When Army Gen. Robert Brown was set to retire as commander of U.S. Army Pacific after a 38-year military career in 2019, he was mindful of sage advice given by those who retired before him.

“Never take the first job offered when you retire from the Army,” he recalled during a phone interview April 28.

He promptly ignored that advice when the first offer arrived, to lead the Association of the U.S. Army.

“I took it in a heartbeat,” said the former four-star general who has been president and CEO of the association since October 2021.

That second career was a natural fit.

Brown played a key role in AUSA’s launch in 2013 of the Land Forces Pacific Symposium and Exhibition, or LANPAC, in Honolulu. And since taking the reins at AUSA, he has shepherded the conference into a cornerstone event for the organization.
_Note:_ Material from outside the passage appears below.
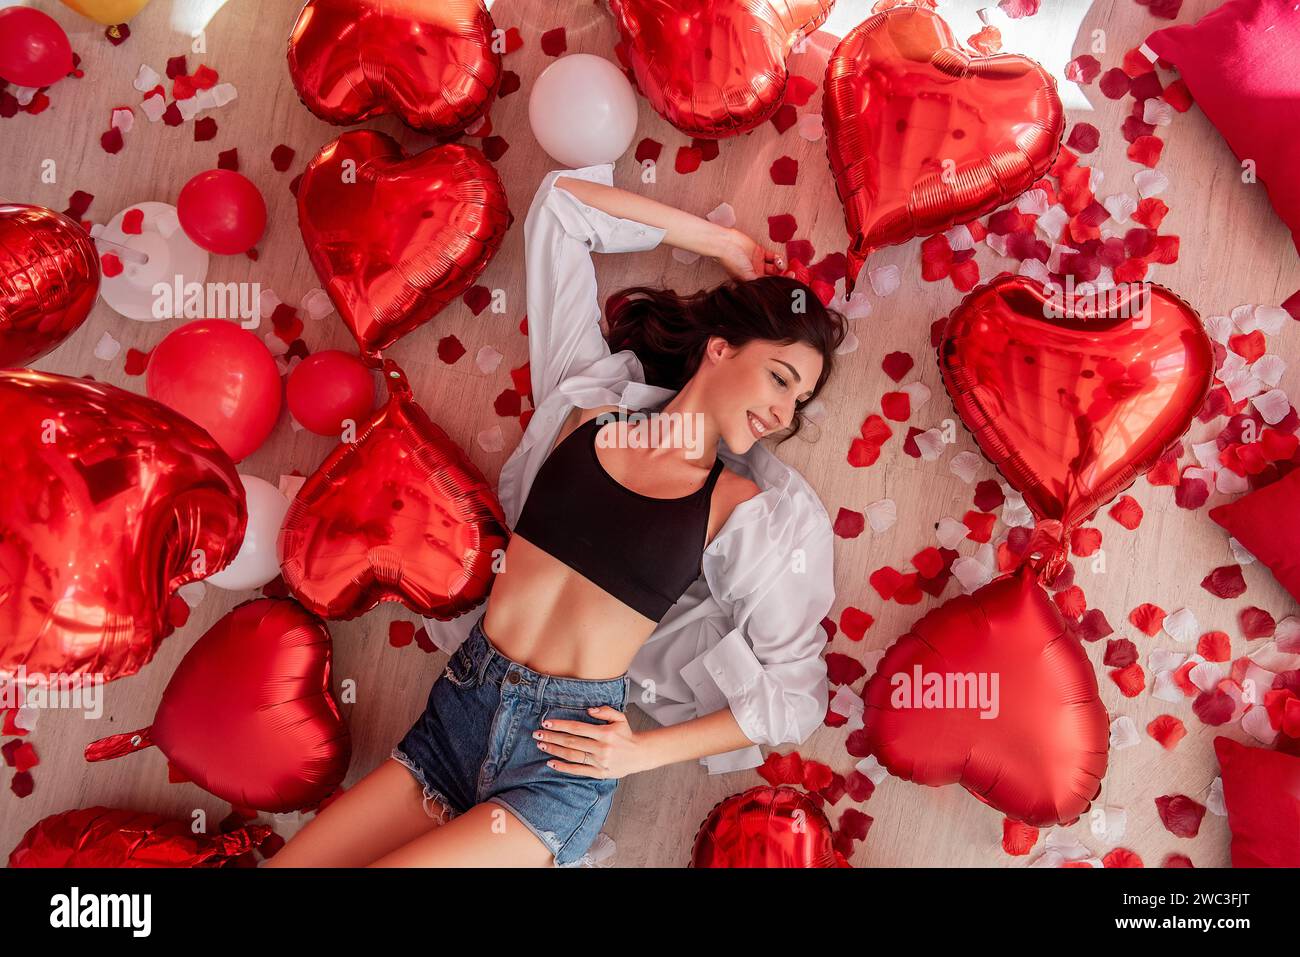 Blick von oben auf die junge Frau, die am Valentinstag auf Holzboden liegt und von roten Herzballons umgeben ist. Das Mädchen lächelt und trägt ein lässiges Outfit. Boden Stockfoto

This year’s LANPAC, which begins Tuesday, however, will be the last steered by Brown, who plans to “fully retire” in early 2027.

Brown’s career frequently intersected with the Indo-Pacific region, from his command of the 1st Brigade Combat Team, 25th Infantry Division, from 2003 to 2005, to commanding I Corps headquartered at Joint Base Lewis-McChord, Wash., from 2012 to 2014.

Brown said that upon taking that latter command, he received “the clearest guidance I’ve ever gotten in my life,” with President Barack Obama, Defense Secretary Leon Panetta and Secretary of the Army John McHugh all declaring the U.S. military would be pivoting to the Pacific.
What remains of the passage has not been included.